CARAT’s outcomes will be two-fold in:
- Improving the environmental performance of participating producers’ lands and operations;
- Establishing a value for those improvements that can be trusted by both the dairy producers and customers to establish a fair and credible market for practices that reduce GHG emissions and/or increase the removal of GHG from the atmosphere.
Pilot practices
CARAT is producer-driven and prioritizes the needs of small- and medium-sized dairy farms and industry in Pennsylvania.
CARAT begins with the producer. Dedicated teams, including more than 35 researchers, students, and support staff from Penn State will interface directly with dairy farmers and their operational and industry teams to develop producer-driven implementation plans, also known as “climate-smart comprehensive dairy feeding strategy and nutrient management plans,” which will be designed and implemented with technical support from Red Barn Consulting. The Center for Dairy Excellence will manage the recruitment and contractual agreements with the producers and work with the technical support providers, Penn State, and the Professional Dairy Managers of Pennsylvania to build individual implementation teams to facilitate critical producer adoption and industry buy in.
Funds will be used to incentivize participating producers and offset the cost of implementing the climate-smart practices that reduce greenhouse gas emissions and for access to their farms for verifying and monitoring of those practices.

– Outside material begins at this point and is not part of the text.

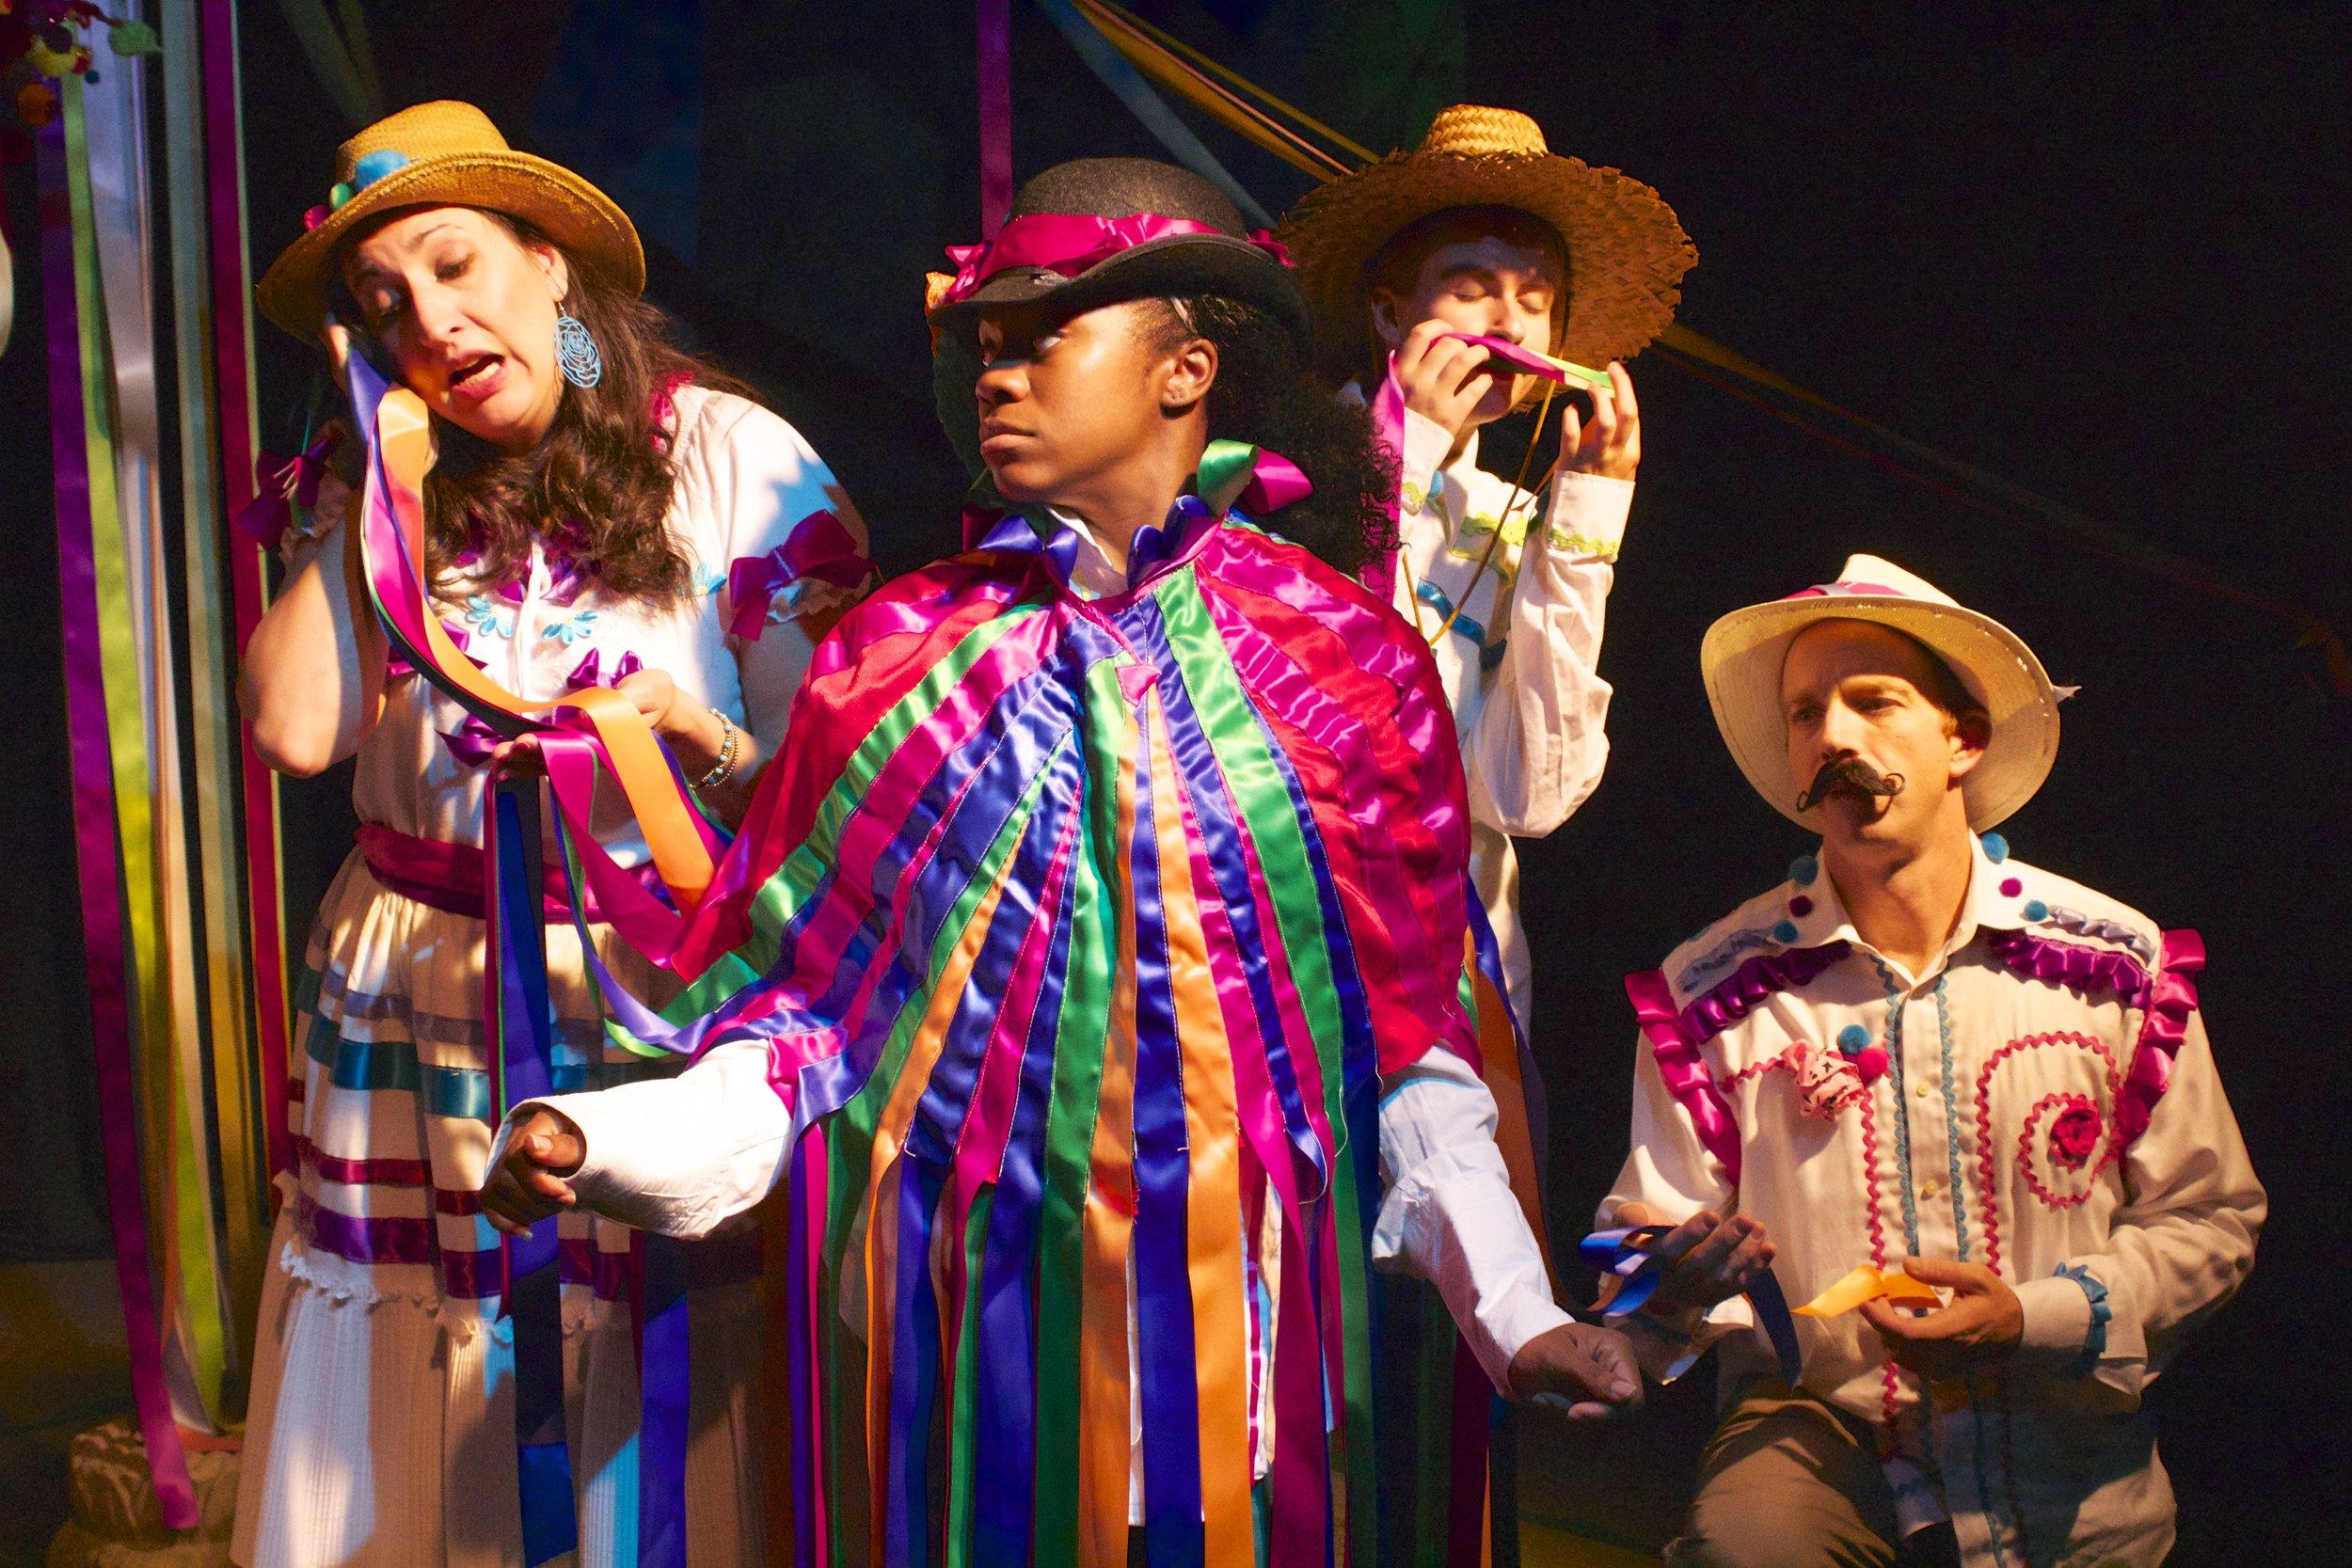 Christin Mason as Maria,  Faith Angelise as The King, Michelle Pantle as Miguel, and  Scott Glennon as Juan

These partnerships establish the necessary trust along the supply chain and across industries through the creation of a shared understanding that reconciles what is produced on the ground with what is sold or exchanged in markets.
Measure benefits
The Penn State research team will install field equipment on participating farms to measure the reductions in emissions resulting from implemented climate-smart practices, such as using food additives or fine-tuning the cows’ diets to reduce methane or the management of manure and nutrients in the field using nitrification inhibitors and other climate-smart approaches to farming. Information pertaining to individual farms will be confidential, but the aggregated information from the project will be shared transparently to underpin and develop future functional climate-smart market opportunities.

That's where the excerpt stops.